# Green Pythons recovered from poachers by Qld Wildlife Officers.



## GBWhite (Feb 26, 2016)

http://statements.qld.gov.au/Statem...red-in-cape-york-peninsula-wildlife-operation


----------



## RoryBreaker (Feb 26, 2016)

Nice find George.

I was expecting a media outlet to break the story when I heard about this bust a couple of weeks ago.


----------



## BredliFreak (Feb 26, 2016)

Lol this time the tables turn, Aussies are being smuggled out of here instead of Indonesian GTPs being smuggled into here. By the price I'm assuming iron range?


----------



## Jackrabbit (Mar 13, 2016)

I notice none of the fines where anywhere near the max penalty!


----------



## Herpo (Mar 13, 2016)

This is sad.
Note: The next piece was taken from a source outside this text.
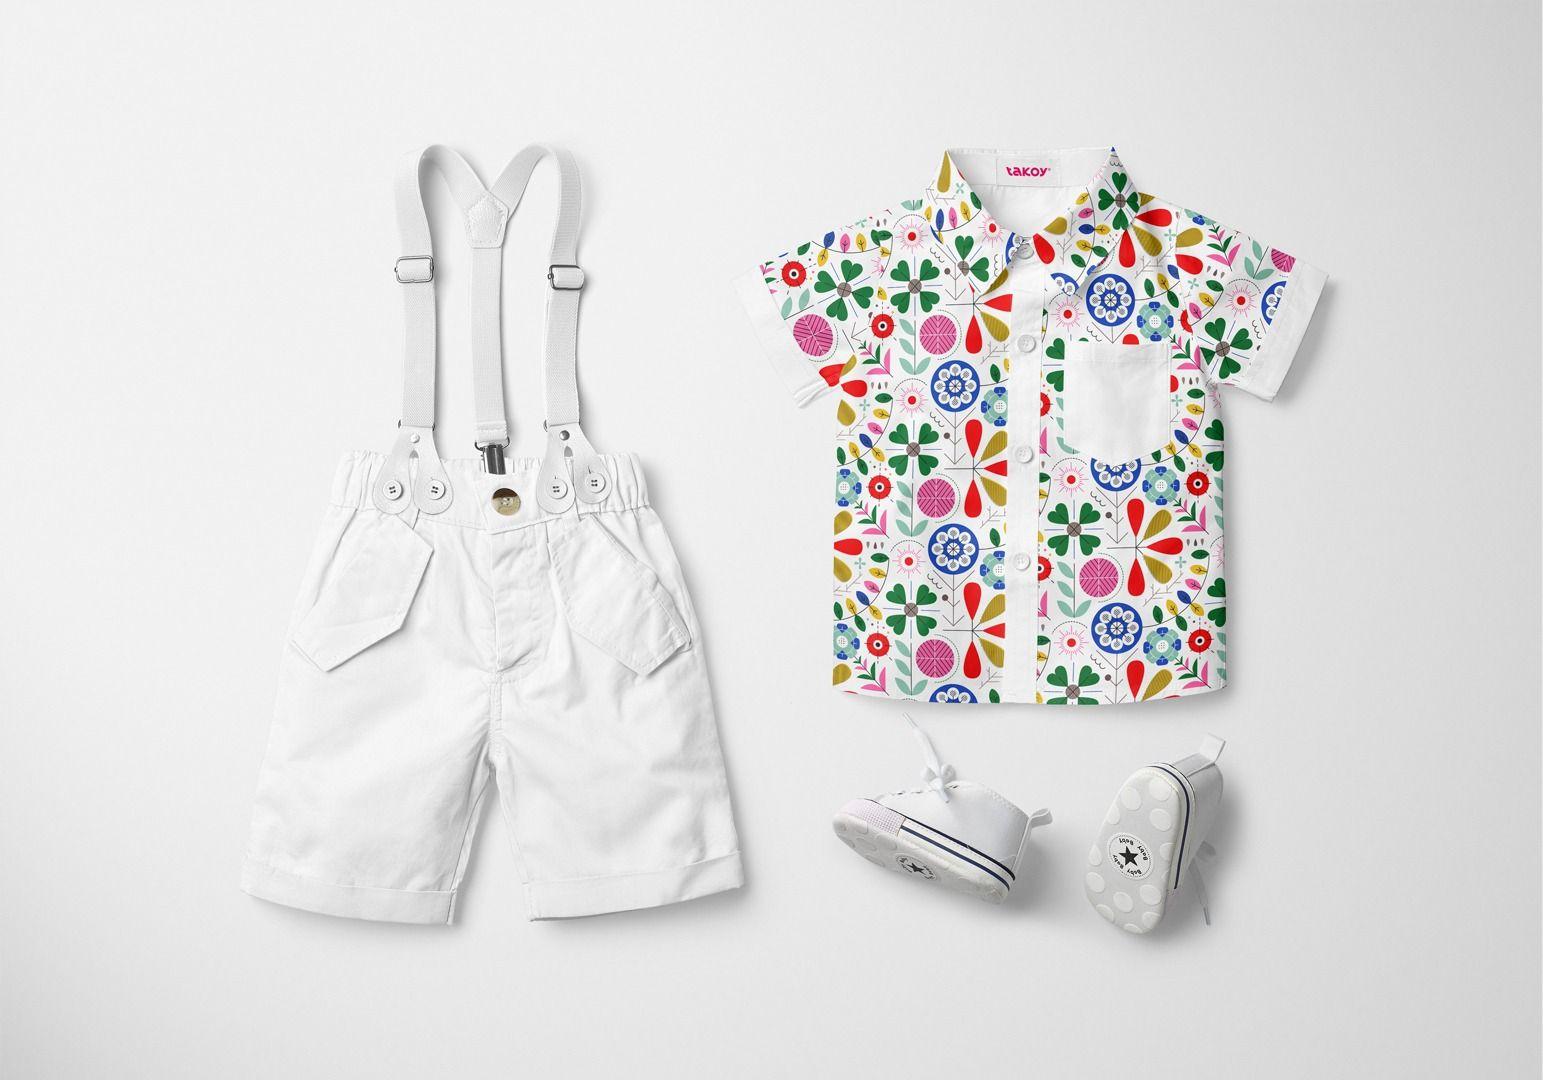 tessuto-di-cotone-premium-motivo-geometrico-folk-bianco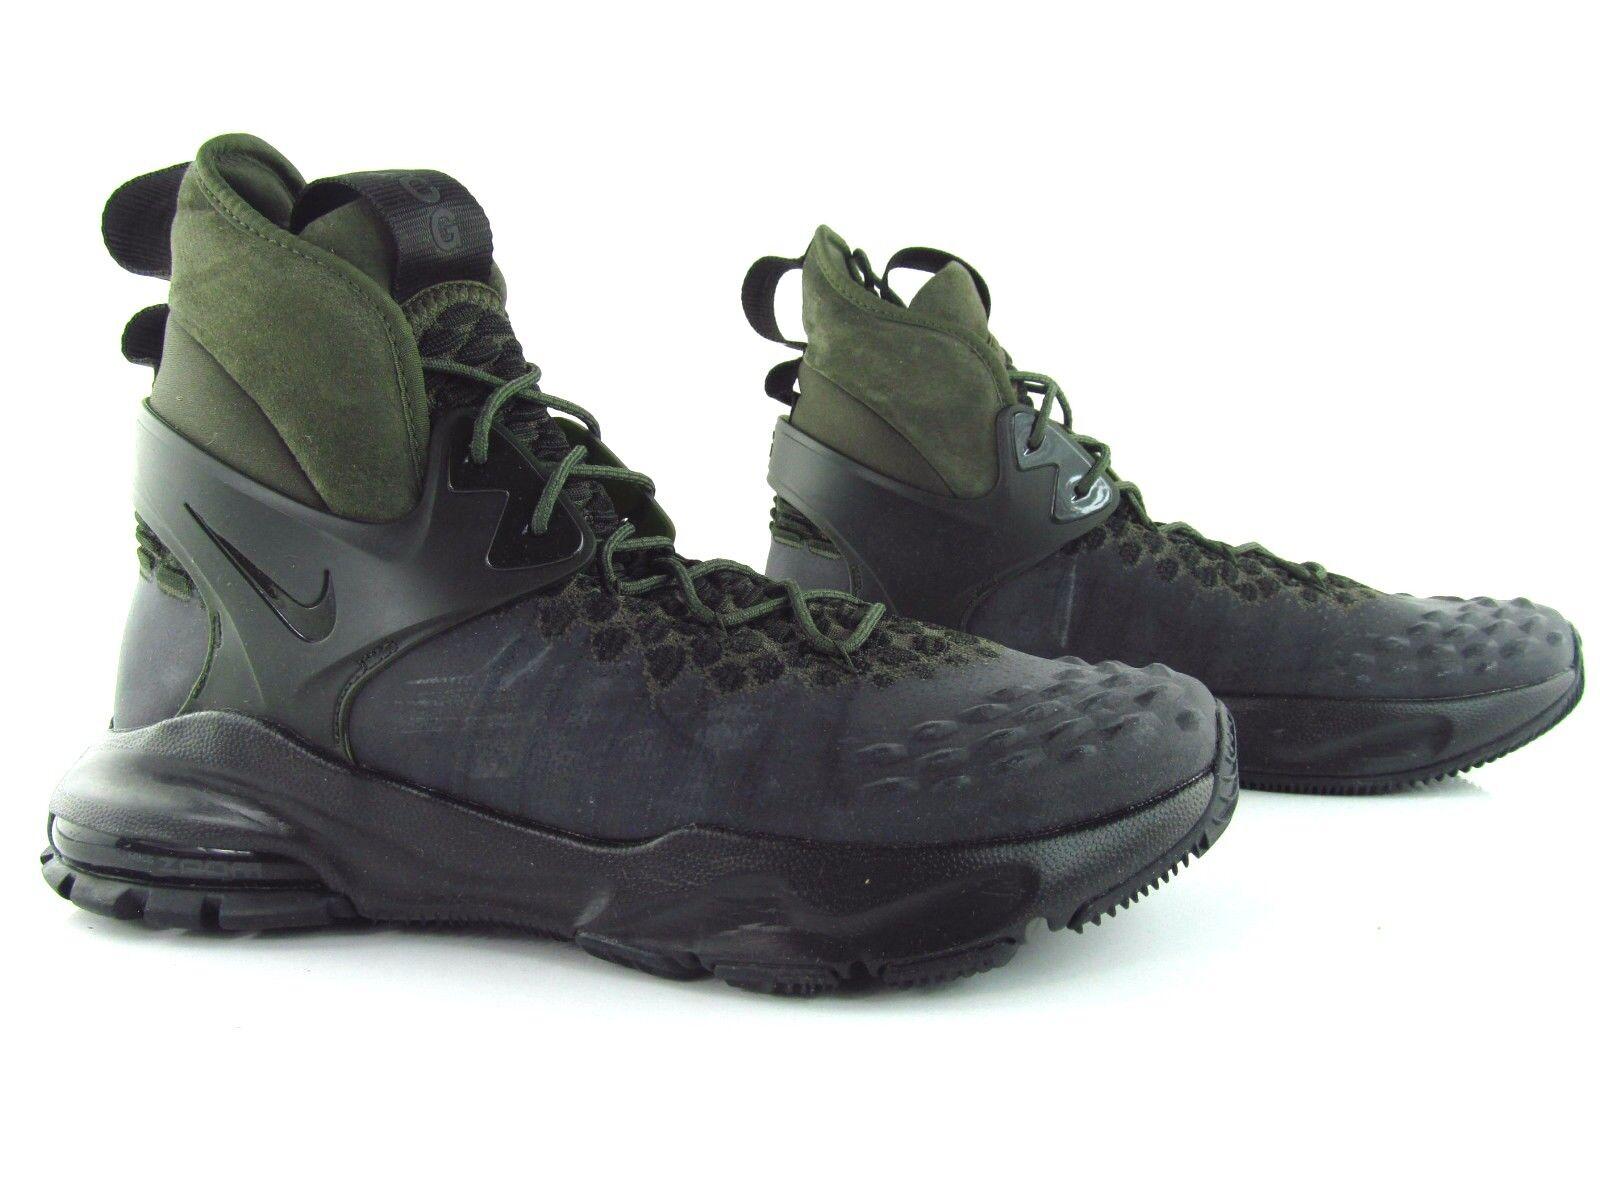 Nike nikelab zoom tallac flyknit acg un carico nero - kaki uk_7 us_8 eur 41

People constantly smuggling animals, often it ends with the animals being put down...


----------



## Waterrat (Mar 13, 2016)

BredliFreak said:


> Lol this time the tables turn, Aussies are being smuggled out of here instead of Indonesian GTPs being smuggled into here. By the price I'm assuming iron range?



Mate, where does it say they were smuggled out of Australia or there was such intent? They were "taken" not smuggled.


----------



## BredliFreak (Mar 13, 2016)

Ok I mustn't of read it right


----------